* **WORK ITEM**
When you write out the listing, keep every character and omit the pictures.

* **EXERCISE DATA**
★ ★ ★ ★ ★
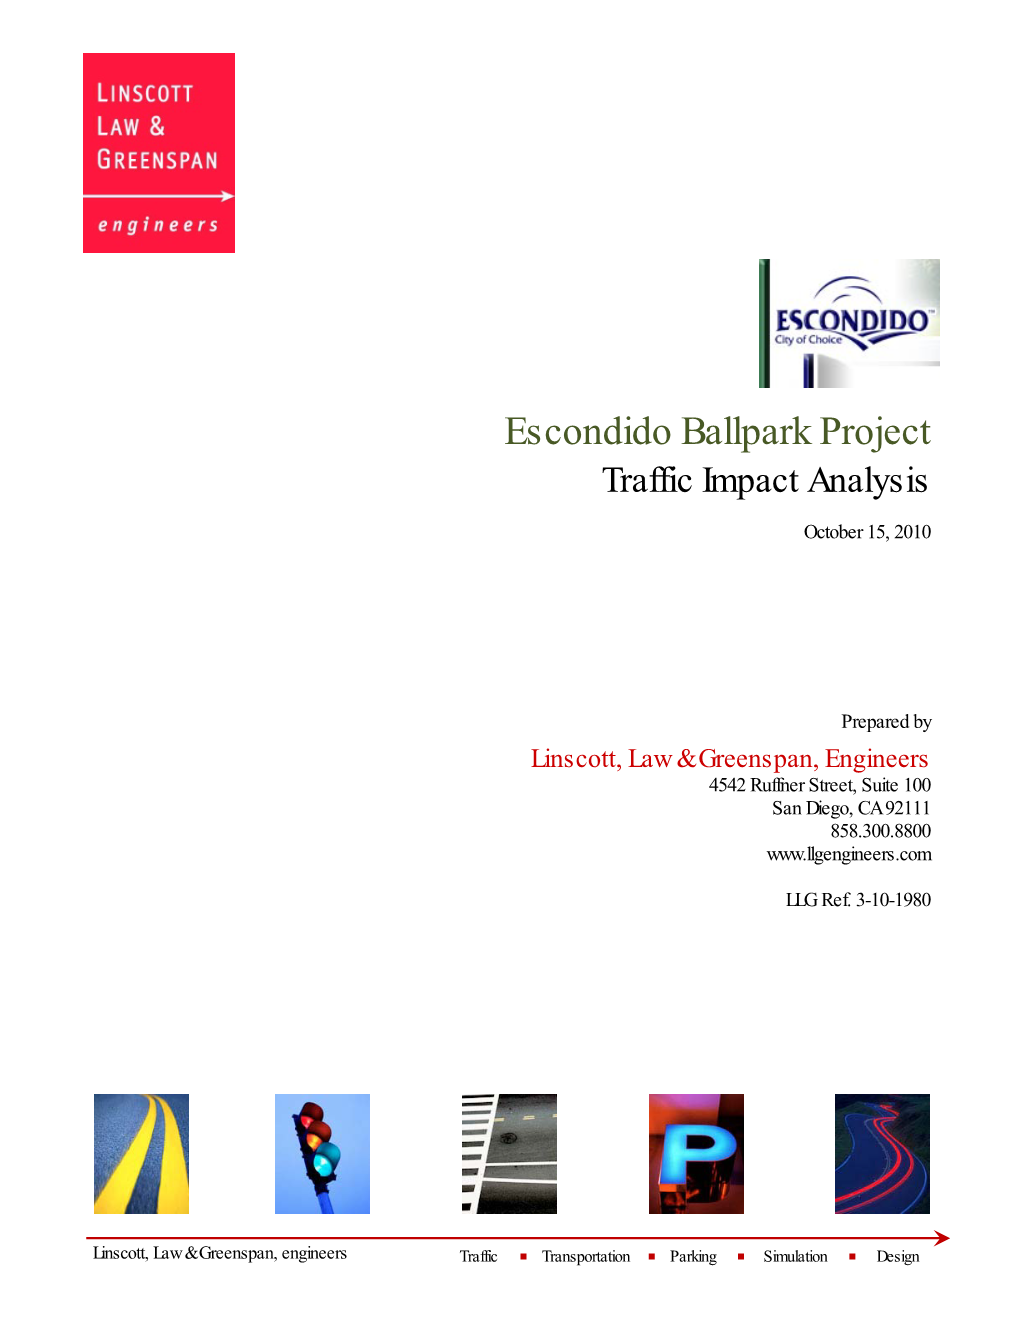 Escondido Ballpark Project Traffic Impact Analysis
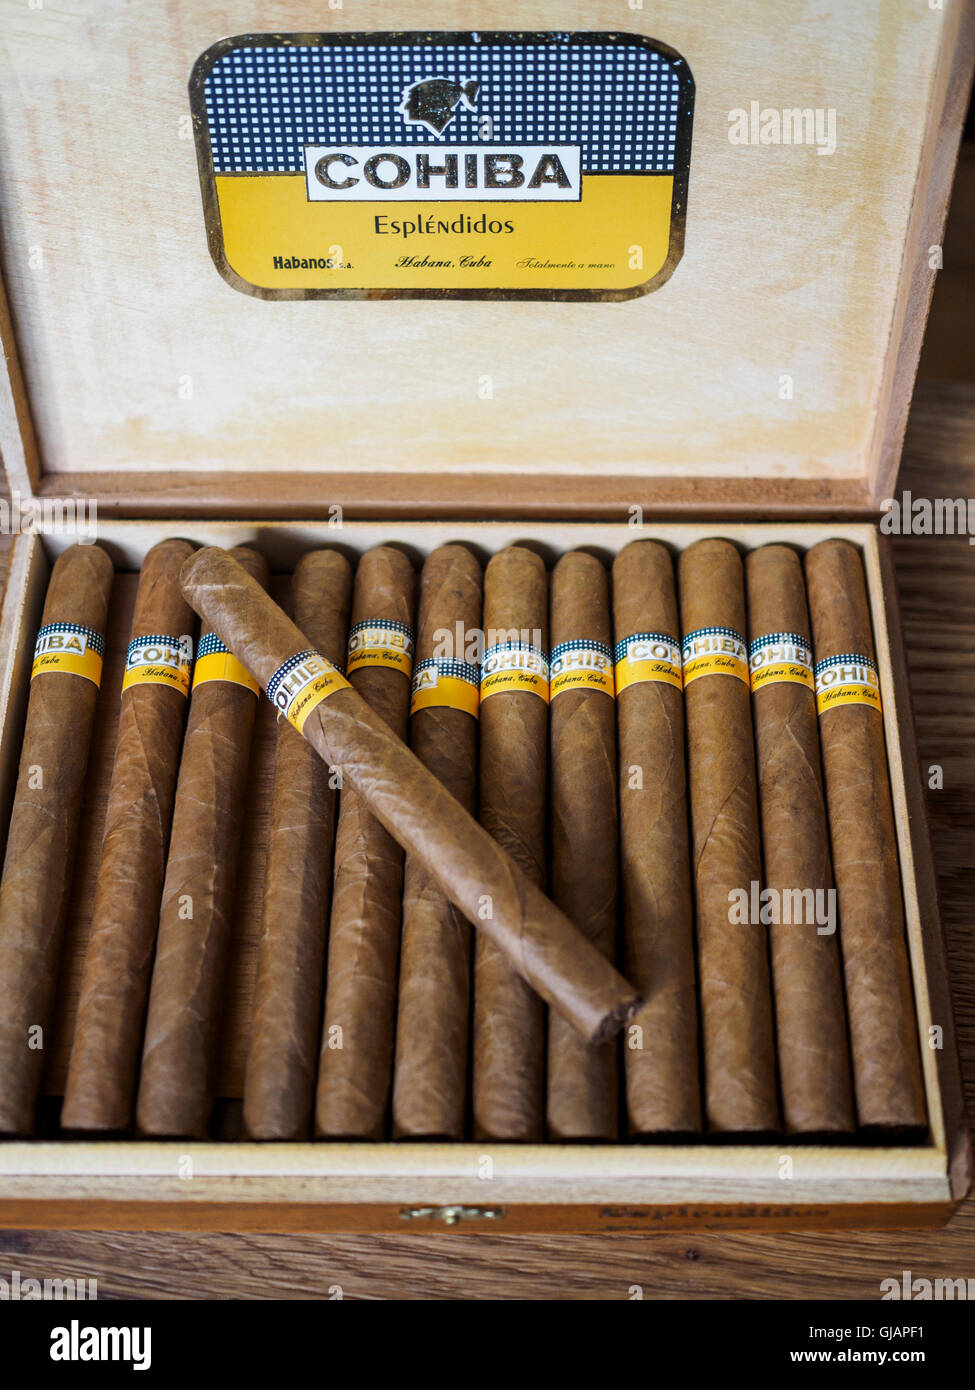 Sigaro cubano scatola contenente Cohiba Esplendios sigari, fatta a mano in Cuba Foto Stock
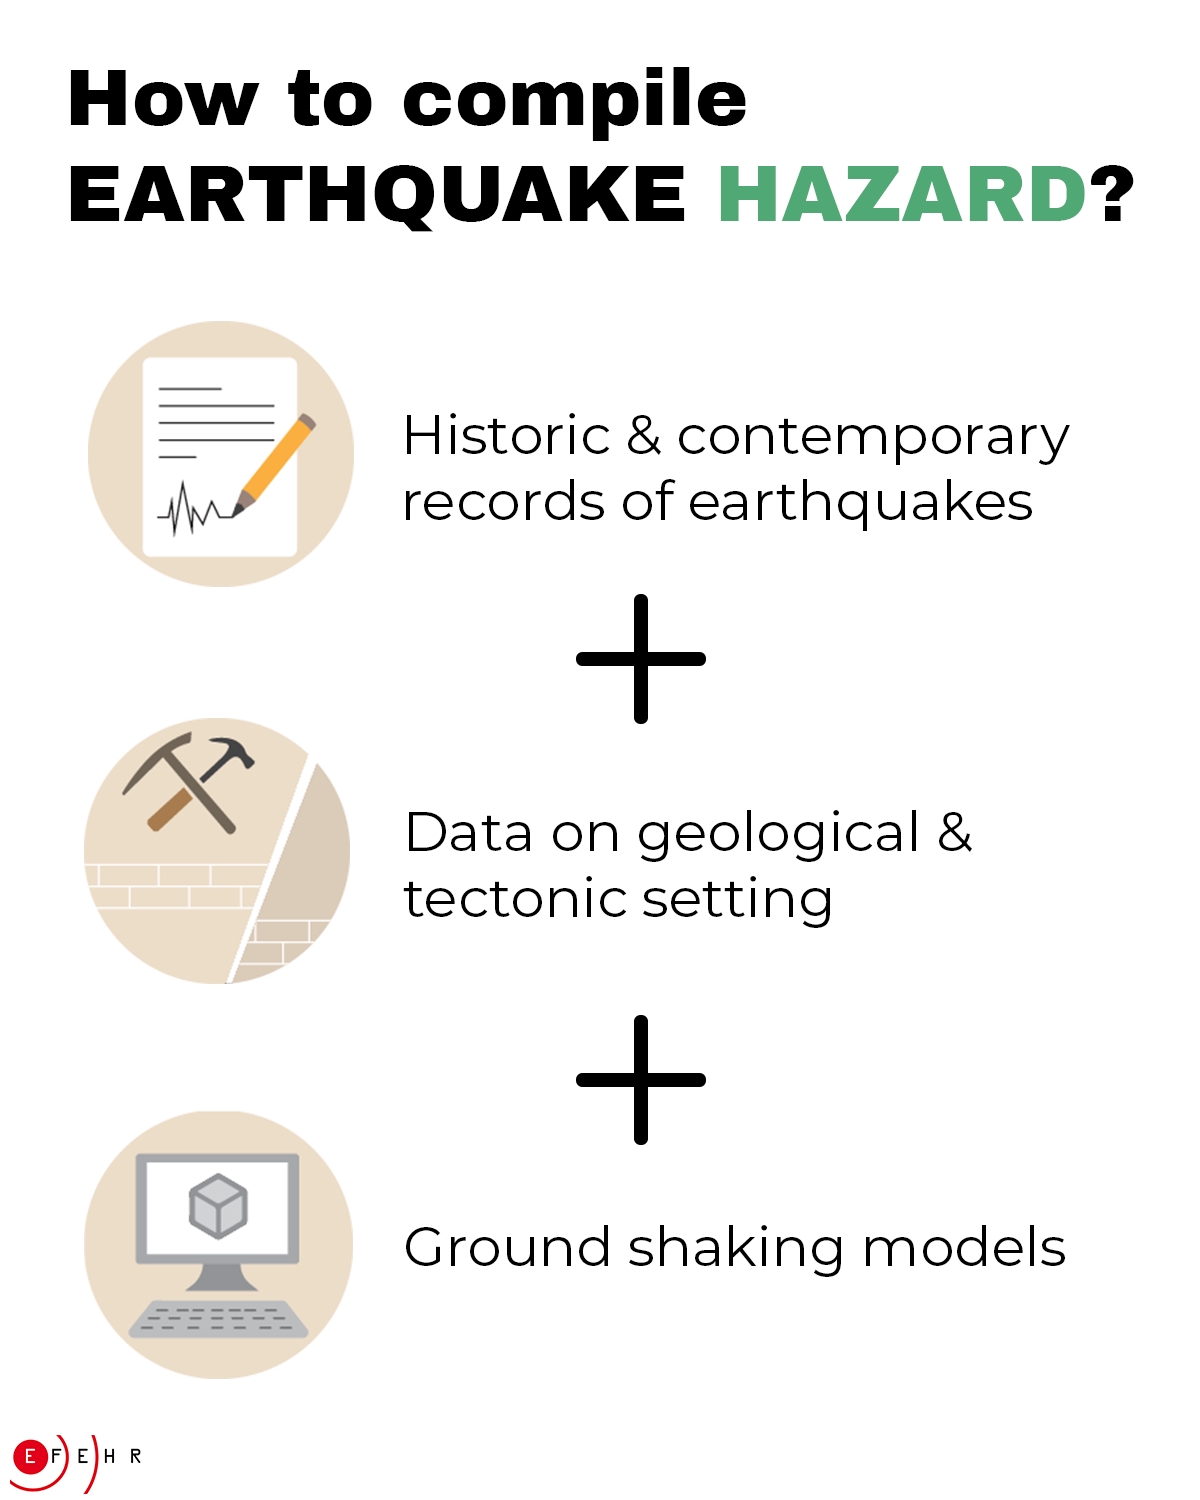 What is earthquake hazard?
★ ★ ★ ★ ★
* **ANSWER TO THIS EXERCISE**
 Escondido Ballpark Project Traffic Impact Analysis
 Sigaro cubano scatola contenente Cohiba Esplendios sigari, fatta a mano in Cuba Foto Stock
 What is earthquake hazard?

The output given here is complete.